The Growth of Crude by Rail (CBR) 
DOT-111 tank cars carry crude oil.
Photo by Harvey Henkelmann
The railroads have stepped in, allocating tank cars (typically of the DOT-111 specification).  This type of tank car is plentiful in North America, as it constitutes 69% of the US tank car fleet and 80% of the Canadian tank cars. The avail-ability of these cars positioned the railroads to step in where the pipelines remained underdevelop-ment and wrapped in controversy.

Compared to fixed pipelines, CBR presents many inherent advantages:

  • More nimble in meeting immediate demands, compared to the development time for a pipeline, which includes design, permitting, financing, constructing, testing, and commissioning, which can take well over a decade.
  • Whereas a pipeline is a fixed asset between a fixed Point A and a fixed Point B, the railroads can respond to shifting locations of Points A and B.

Nevertheless, this option is not without risk.  This is most vividly illustrated by the horrific runaway-train accident in Lac-Mégantic, Quebec, which resulted in a fire-ball that killed 47 and destroyed 30 buildings in the town.  While the causes of this accident are many (and worthy of a separate blog post), it is the death and destruction that point to the volatility of the cargo and the risks inherent in CBR.

Risk Comparison:  CBR and Pipelines
For CBR, the risks are both in leaks from railcars (without an accident) and in leaks and potential combustion resulting from an accident.  With pipelines, the principal risk is in leaks.

When it comes to leaks, it appears that CBR has a better track record, in terms of spills per ton-mile between 2002 and 2012:
  • railroads spilled 2.2 gallons of oil per million ton-miles 
  • pipelines spilled 6.3 gallons of oil per million ton-miles 

This is according to the Association of American Railroads, as reported in Railway Age, July 15, 2013.

Still, not all spills are equal.  To assess risk, one needs to consider how to define the risks and how well the risks can be mitigated.  
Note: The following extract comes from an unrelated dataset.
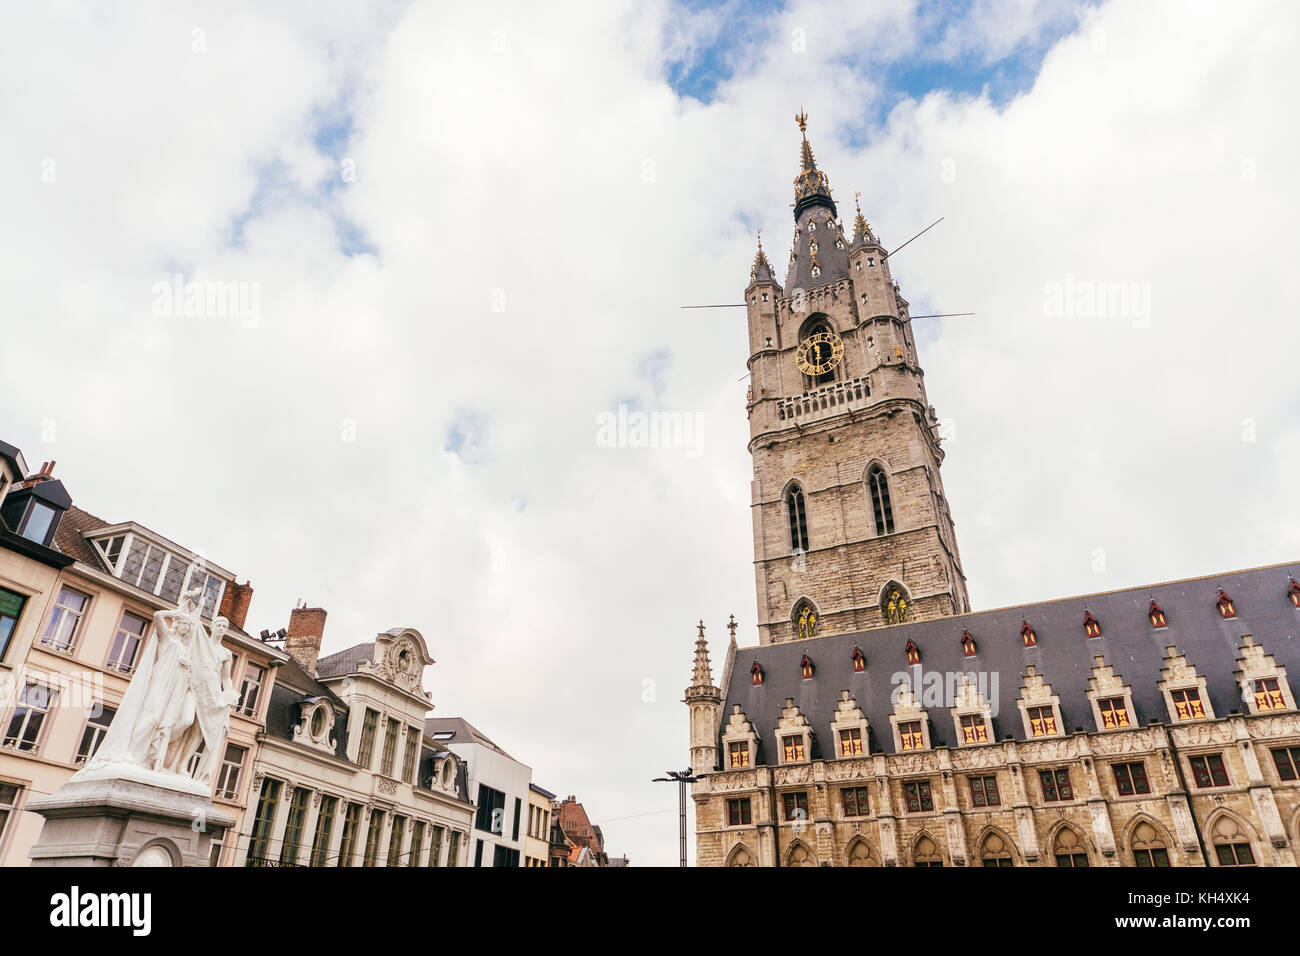 GHENT, BELGIUM - November, 2017: Architecture of Ghent city center. Ghent is a city and a municipality located in the Flemish region of Belgium, capit Stock Photo

CBR travel on many rail routes and it is impossible to predict where the next spill will occur, be it at location where a spill is easily contained before damage to humans or the environment happens, or somewhere that the impacts are more significant.  With a fixed pipeline, the higher risk locations are more easily definable and additional accommodations can be made.  With railcars, in my opinion, you always have to consider a crash after a collision or derailment.

Double wall pipe
In both cases, a first line of risk mitigation is containment.  For a long time, fuel tanks and pipelines have been "doubled walled" or a pipe within a pipe.  So, if the pipe or inner tanks springs a leak, the outer pipe or tank can contain the spill.  Bot in both cases, there are other causes of spills that are more sudden and catastrophic.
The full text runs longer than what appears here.